• **ASSIGNED TASK**
Only the pictures are dropped; the lines of the material that follow are returned exactly.

• **COLLECTED DATA**
= Beginning of Section =

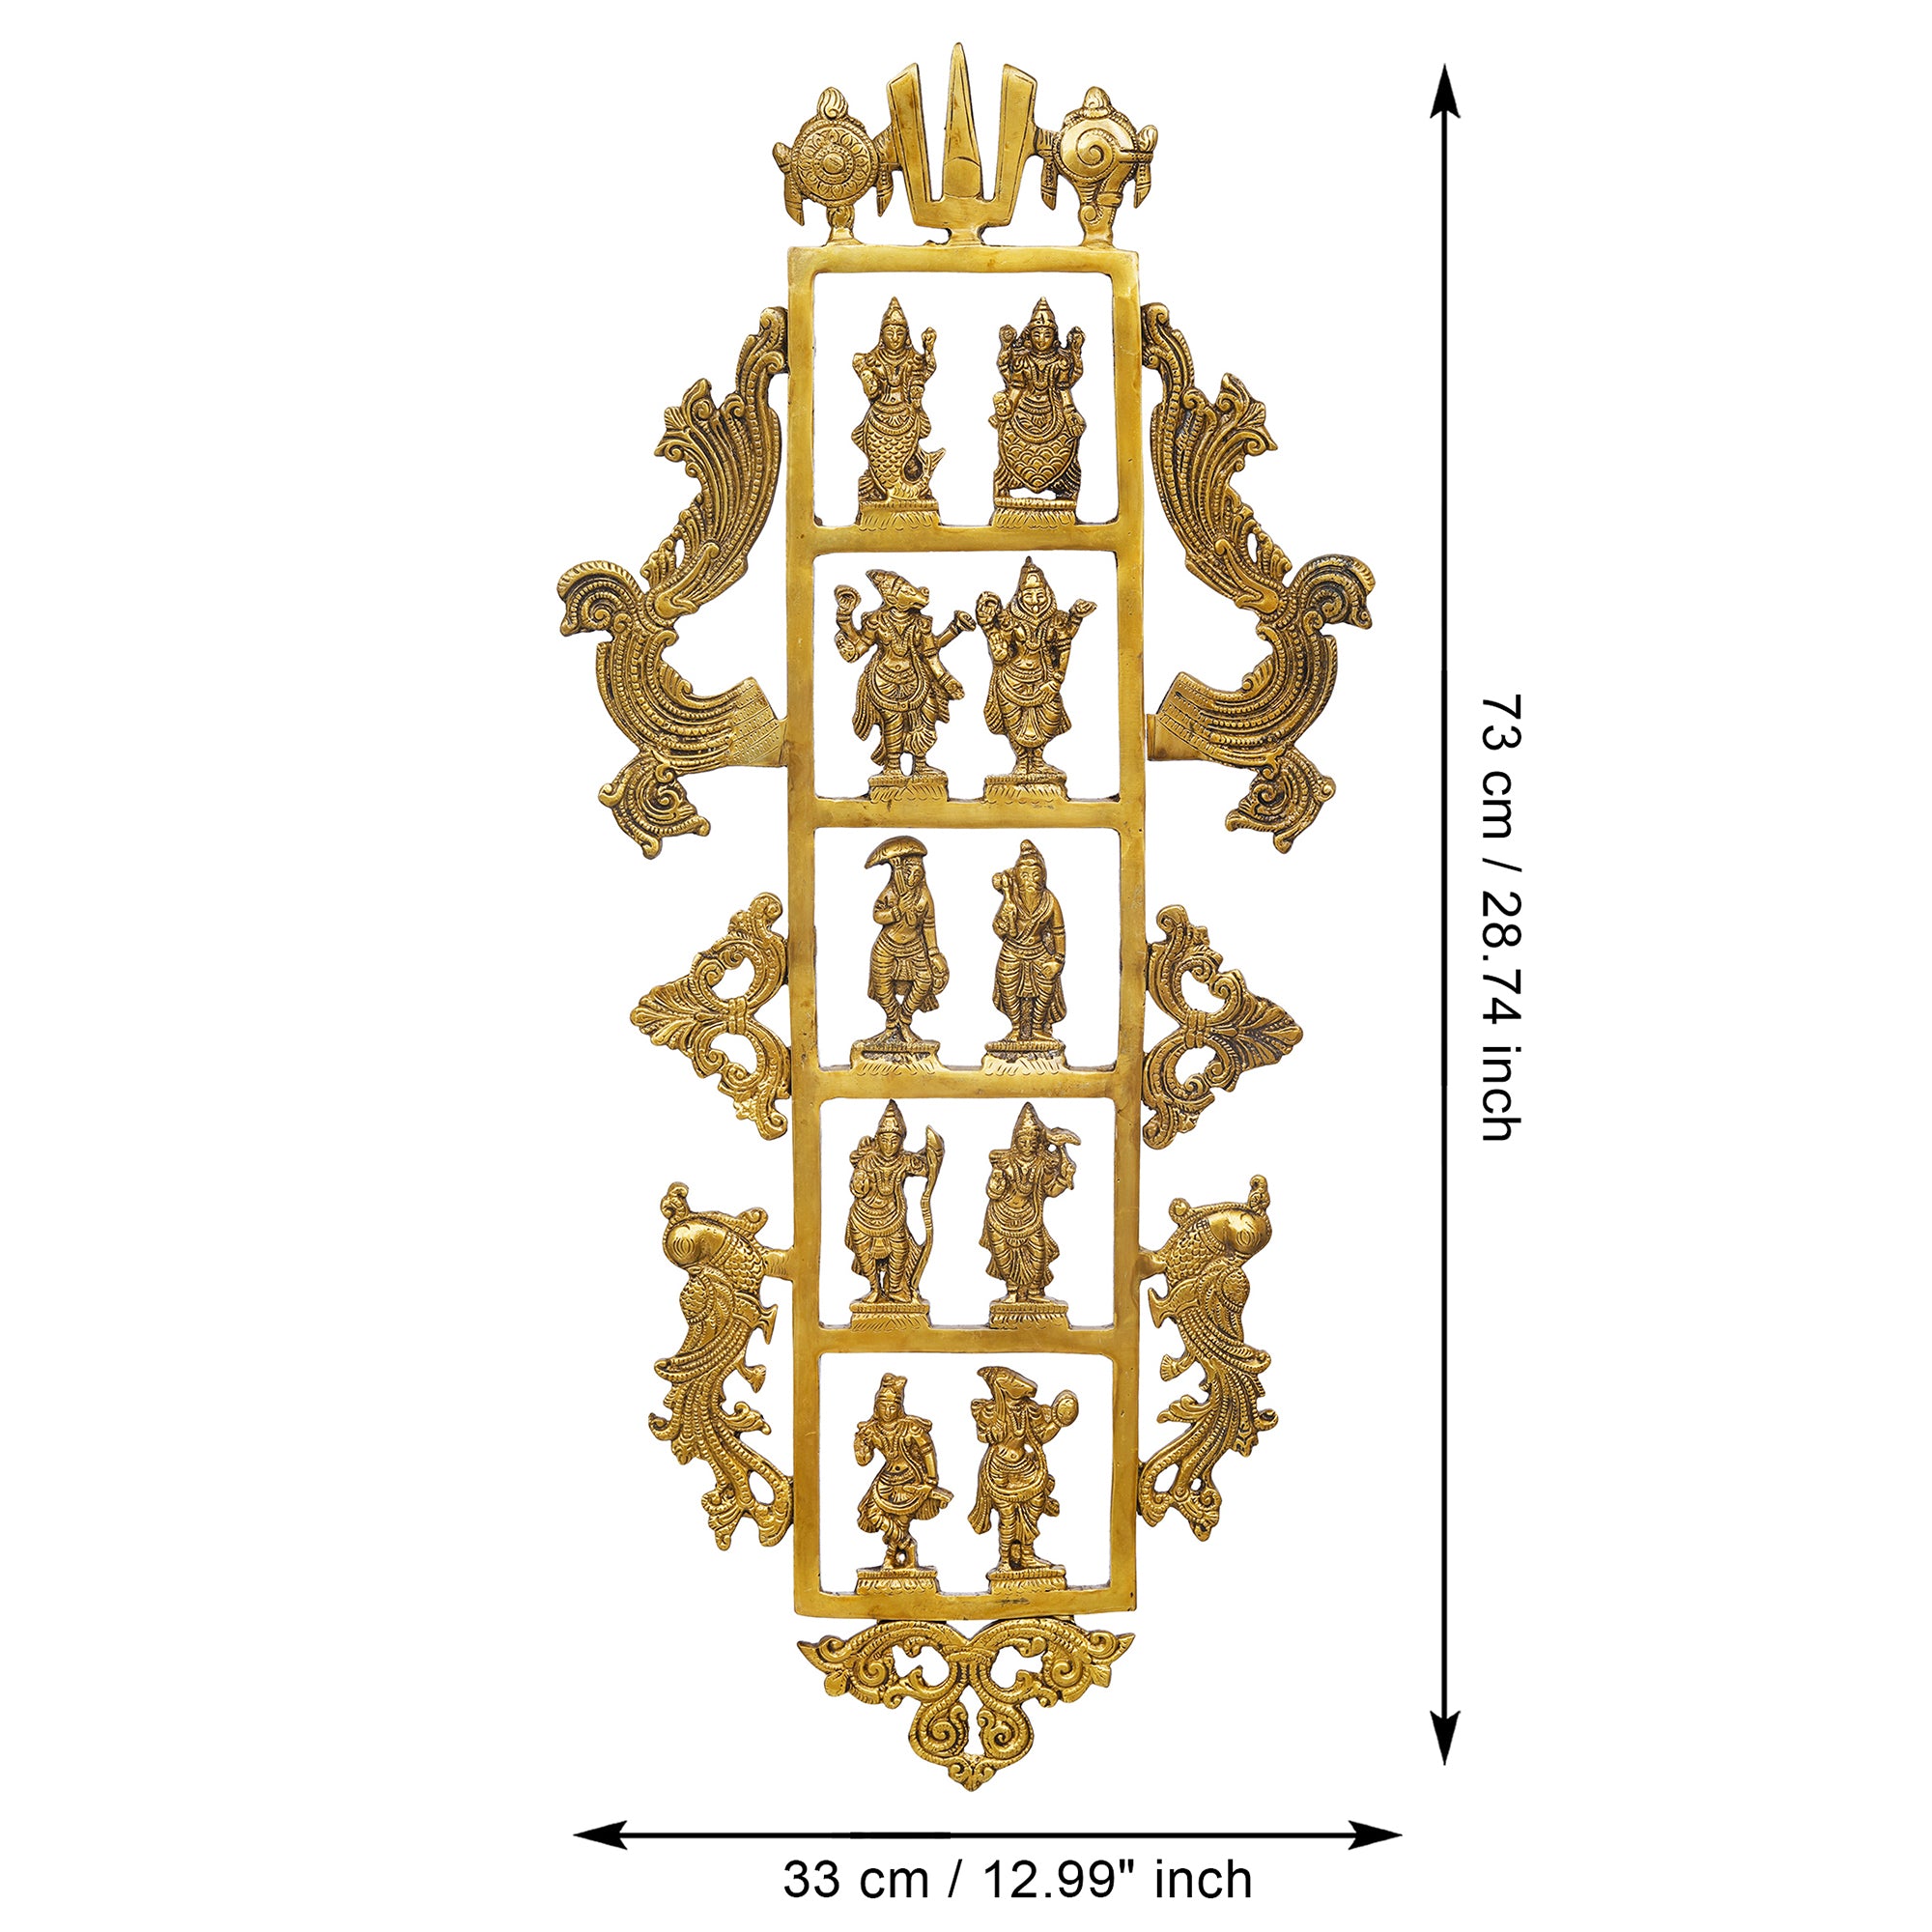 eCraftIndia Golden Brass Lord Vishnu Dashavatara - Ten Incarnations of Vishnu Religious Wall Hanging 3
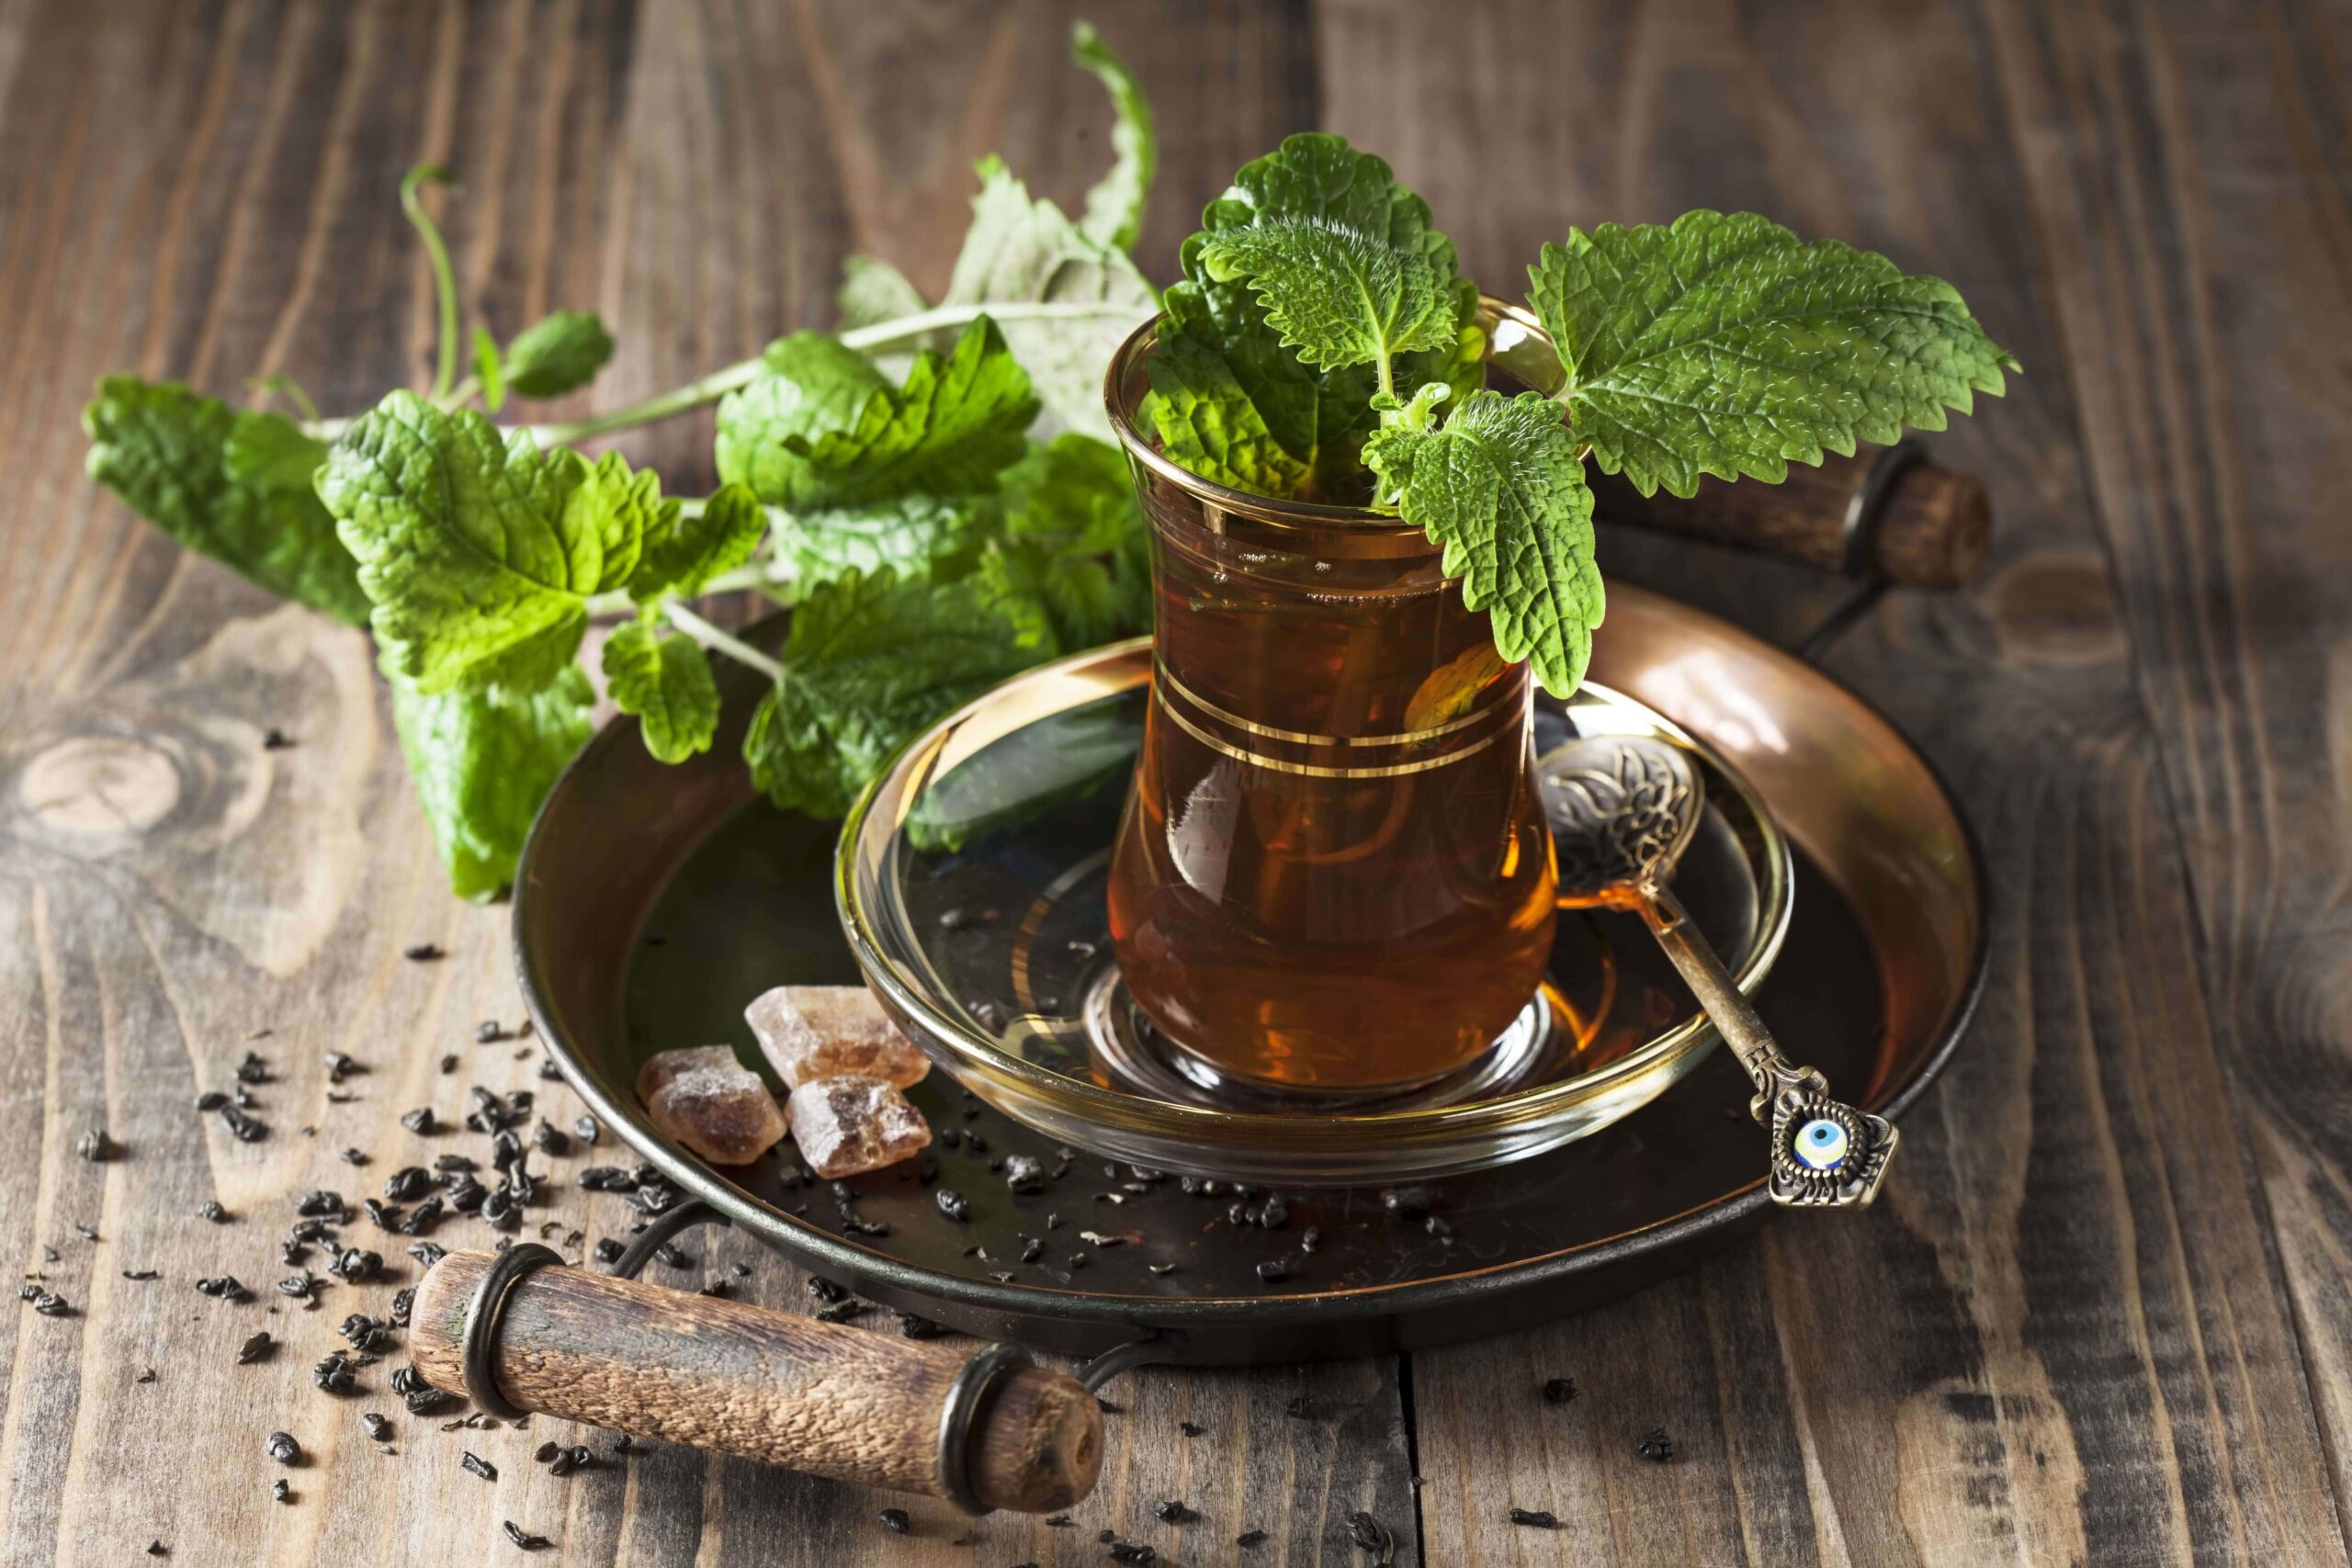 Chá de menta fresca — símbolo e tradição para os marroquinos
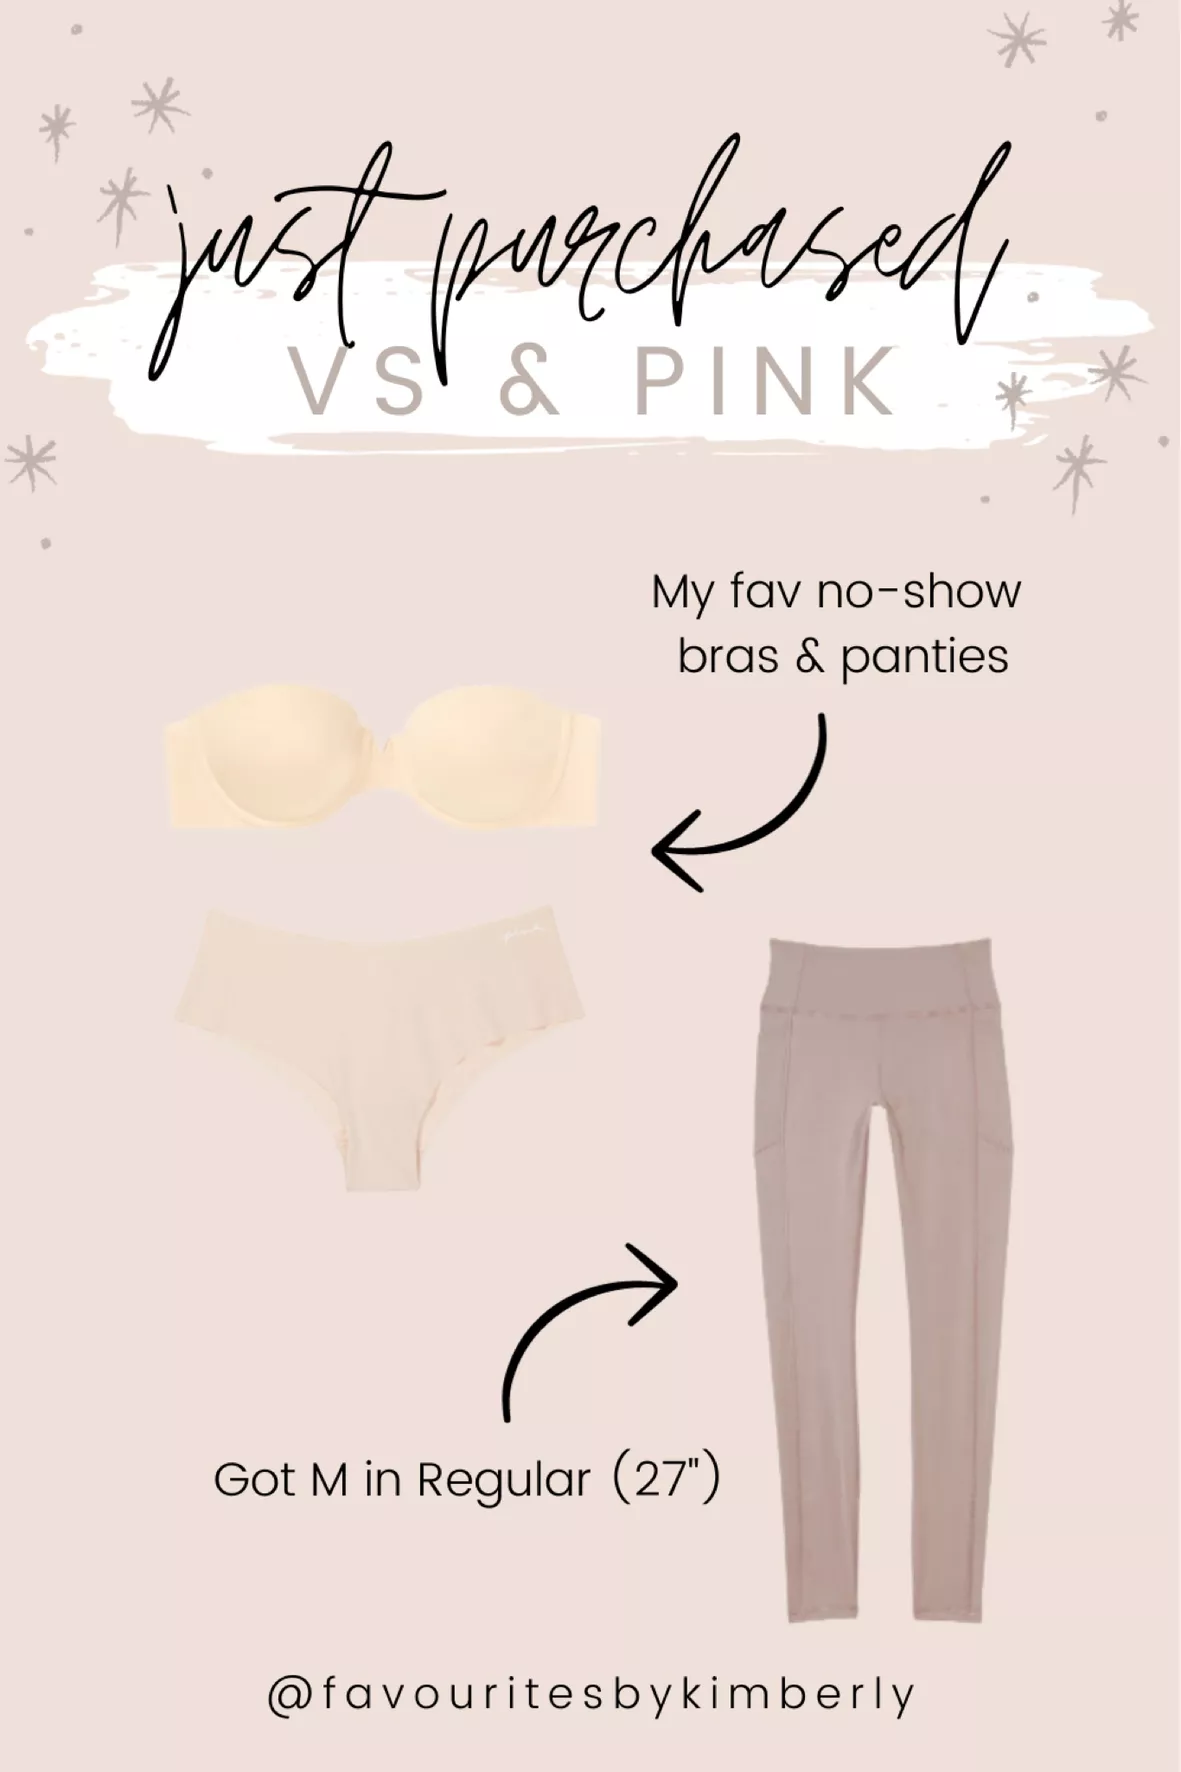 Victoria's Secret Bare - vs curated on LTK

= End of Section =

• **THE COMPLETED TASK**
 eCraftIndia Golden Brass Lord Vishnu Dashavatara - Ten Incarnations of Vishnu Religious Wall Hanging 3
 Chá de menta fresca — símbolo e tradição para os marroquinos
 Victoria's Secret Bare - vs curated on LTK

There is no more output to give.